First, you have to include the AccelStepper library and then declare the A4988 and Arduino connections and the motor interface type. When using a step and direction driver, the motor interface type must be set to 1.

Then you need to create a new instance of the AccelStepper class with the appropriate motor interface type and connections. You can even create multiple instances of the AccelStepper class with different names and pins which allows you to easily control two or more stepper motors at the same time.

In the setup() section, we use the setMaxSpeed() function to set the maximum speed in steps/second.

In the loop section, the setCurrentPosition() function is used to set the position of the motor to zero.
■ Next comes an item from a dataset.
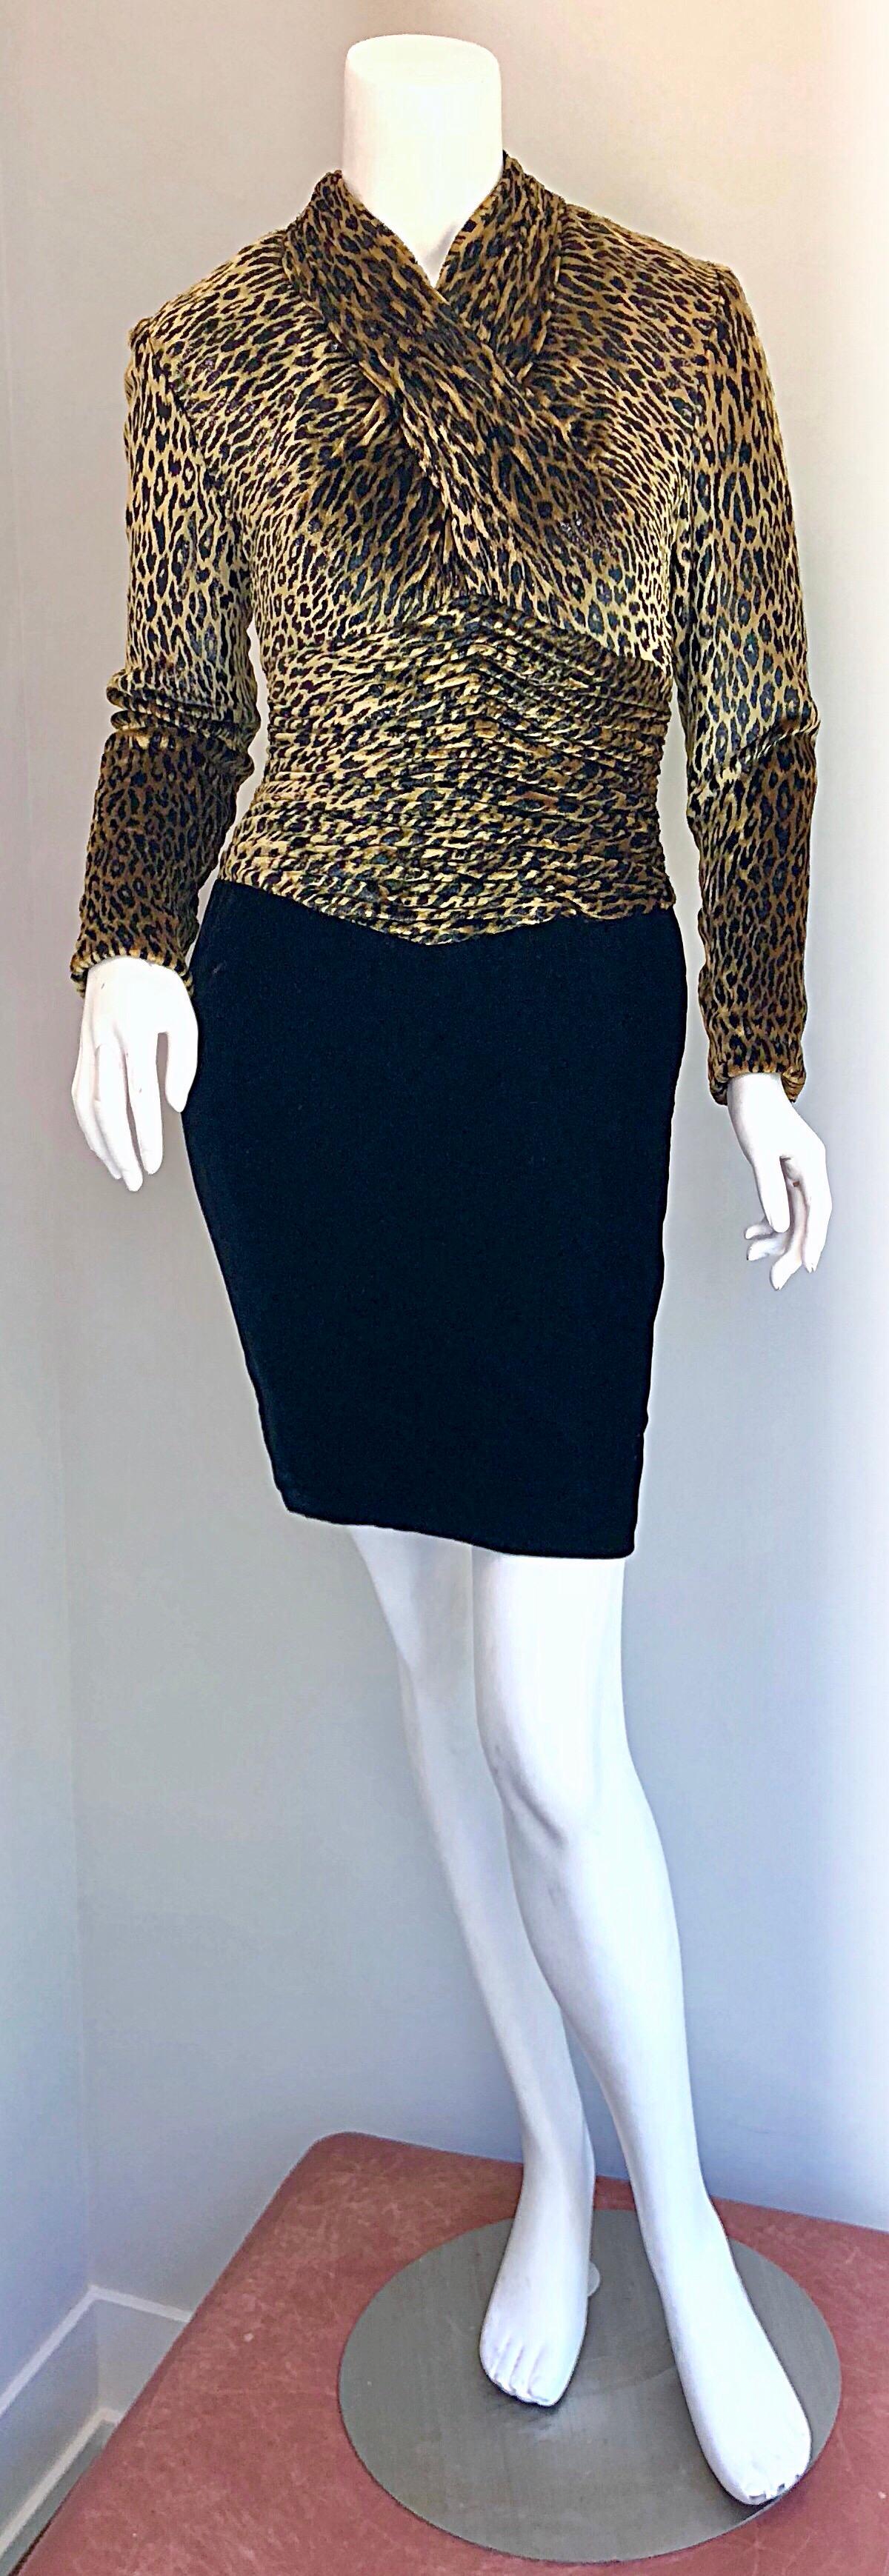 velvet cheetah dress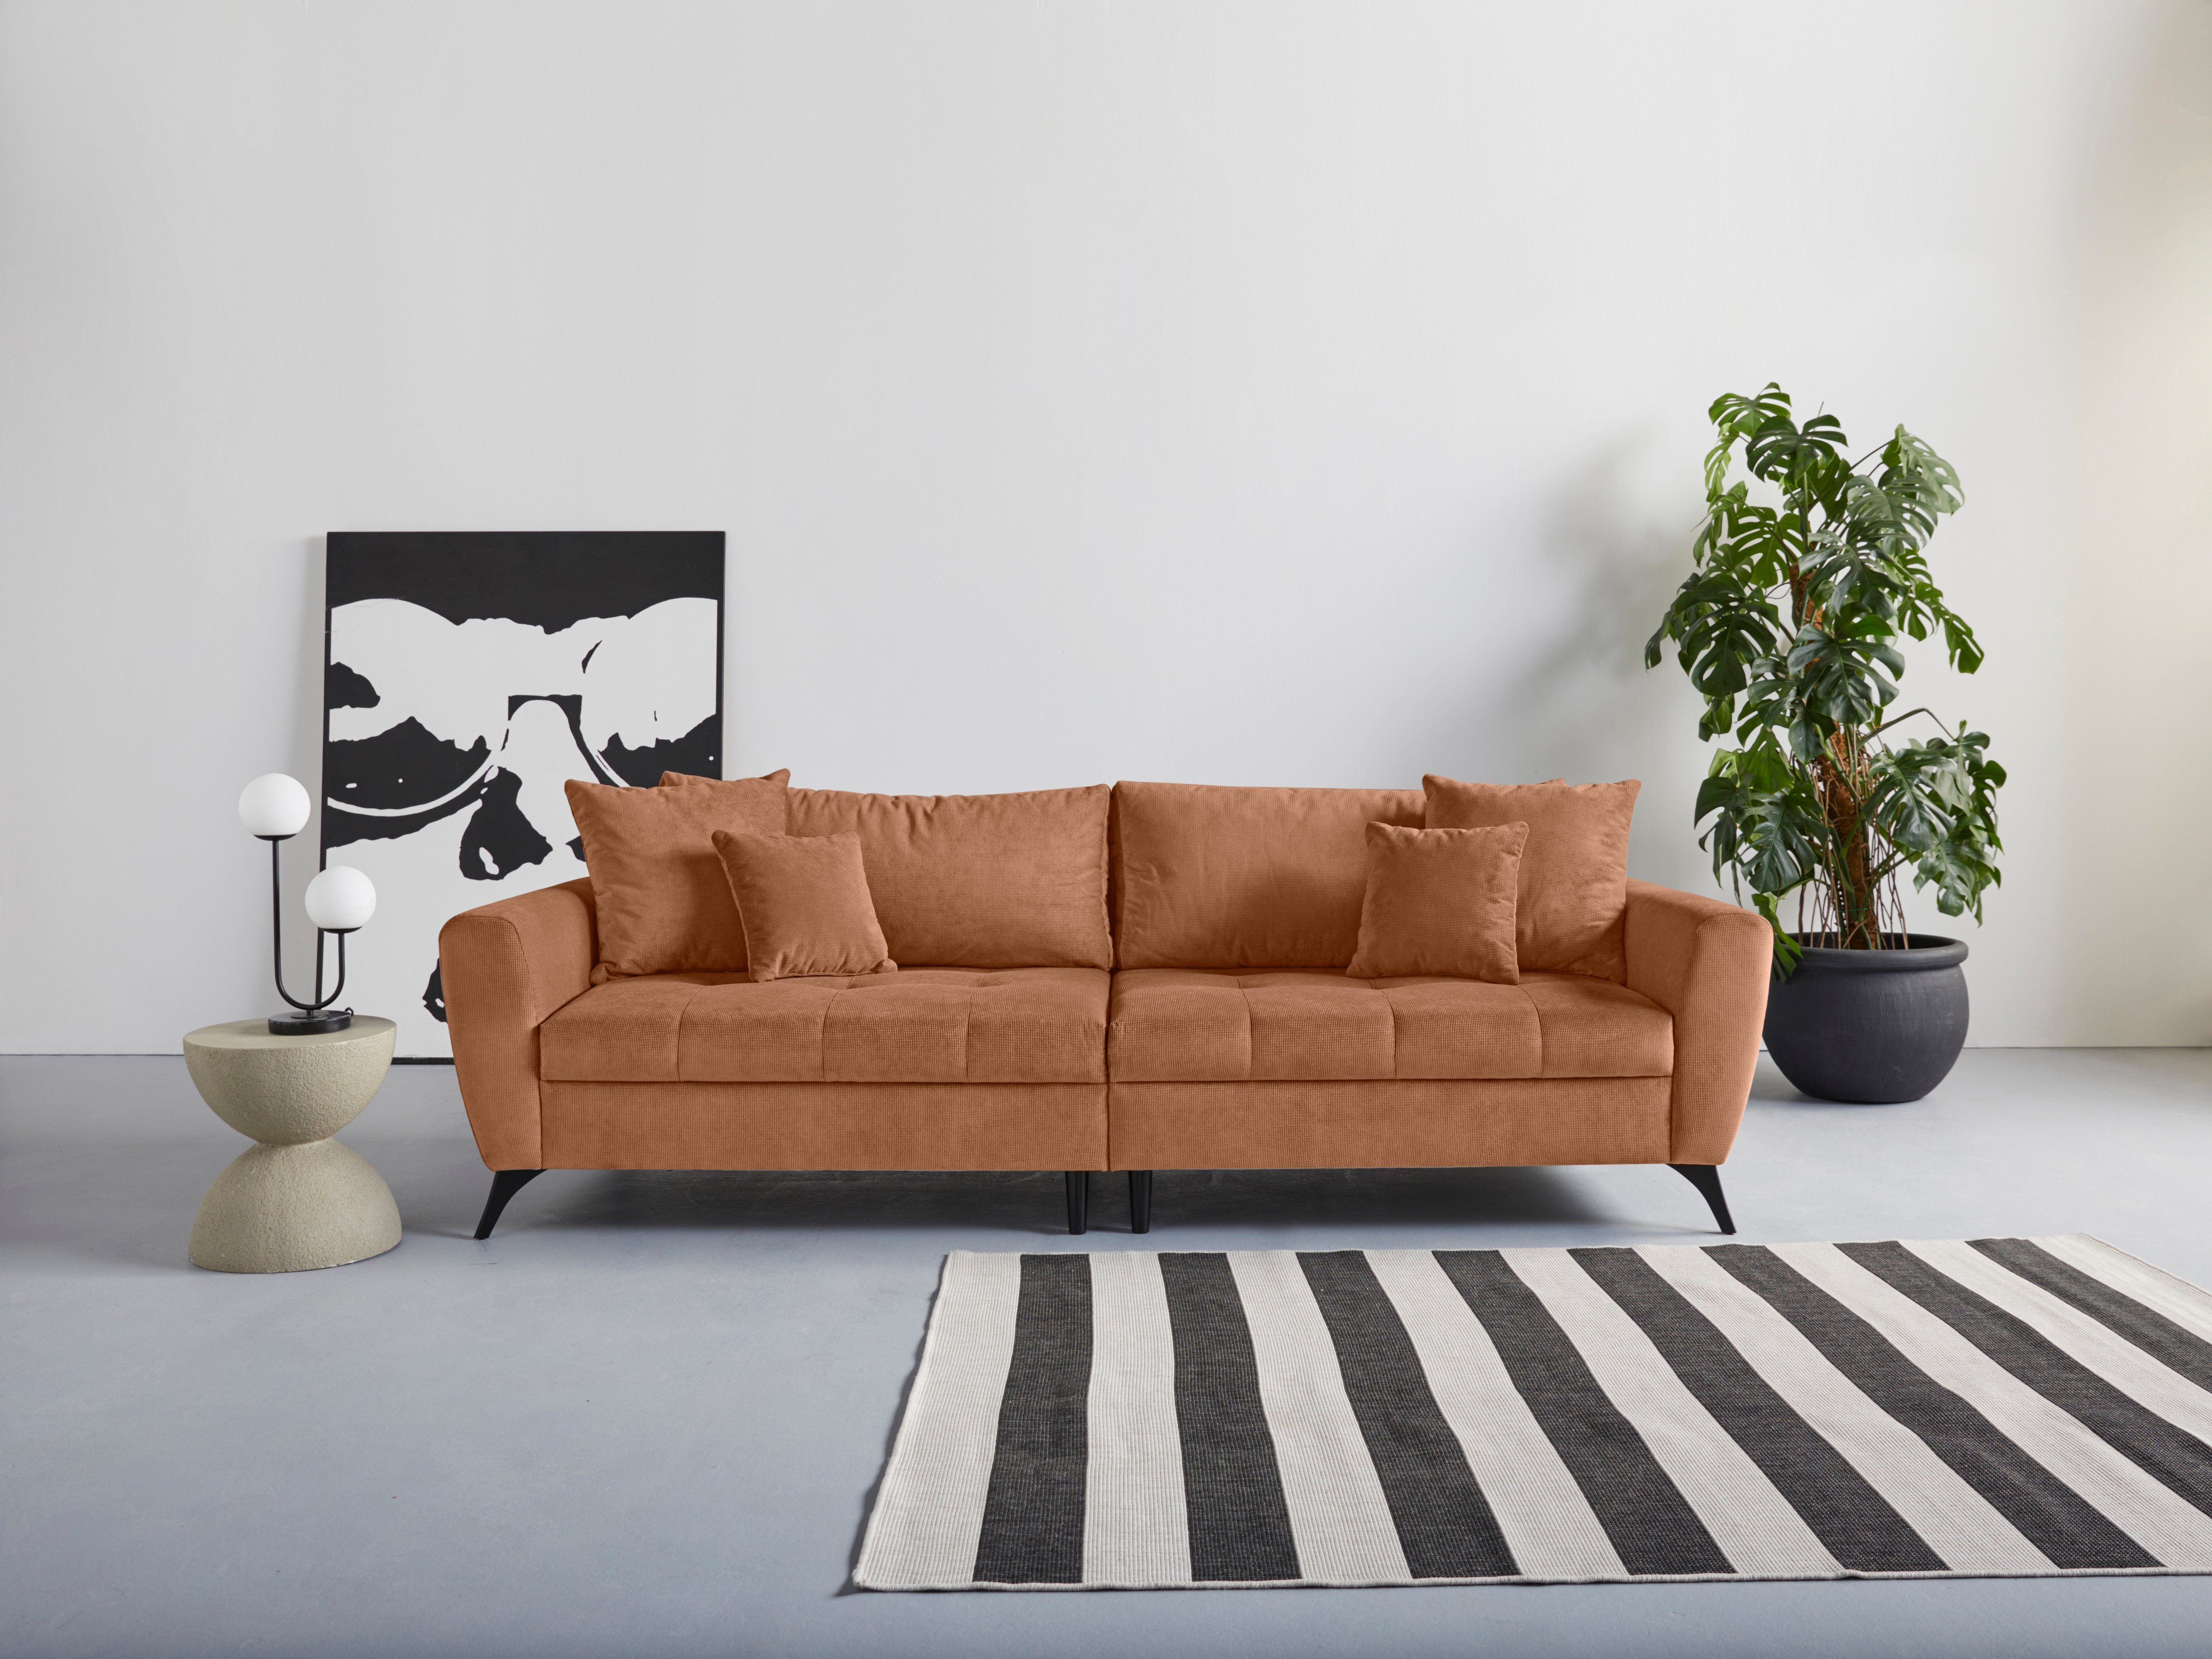 INOSIGN Big-Sofa Lörby, Belastbarkeit bis 140kg pro Sitzplatz, auch mit Aqua clean-Bezug

A while loop is used to check if the current position of the stepper motor is not equal to 400 steps and while this is not the case, we run the stepper motor at a constant speed of 200steps/second as set by setSpeed() and runSpeed() functions.

The rest of the loop just does exactly the same but with different speed and target positions.

setSpeed() function can take on negative values indicating a backward rotation.

The AccelStepper library can also be used to achieve acceleration and deceleration like in an example I used in another tutorial for TB6600 Stepper motor driver.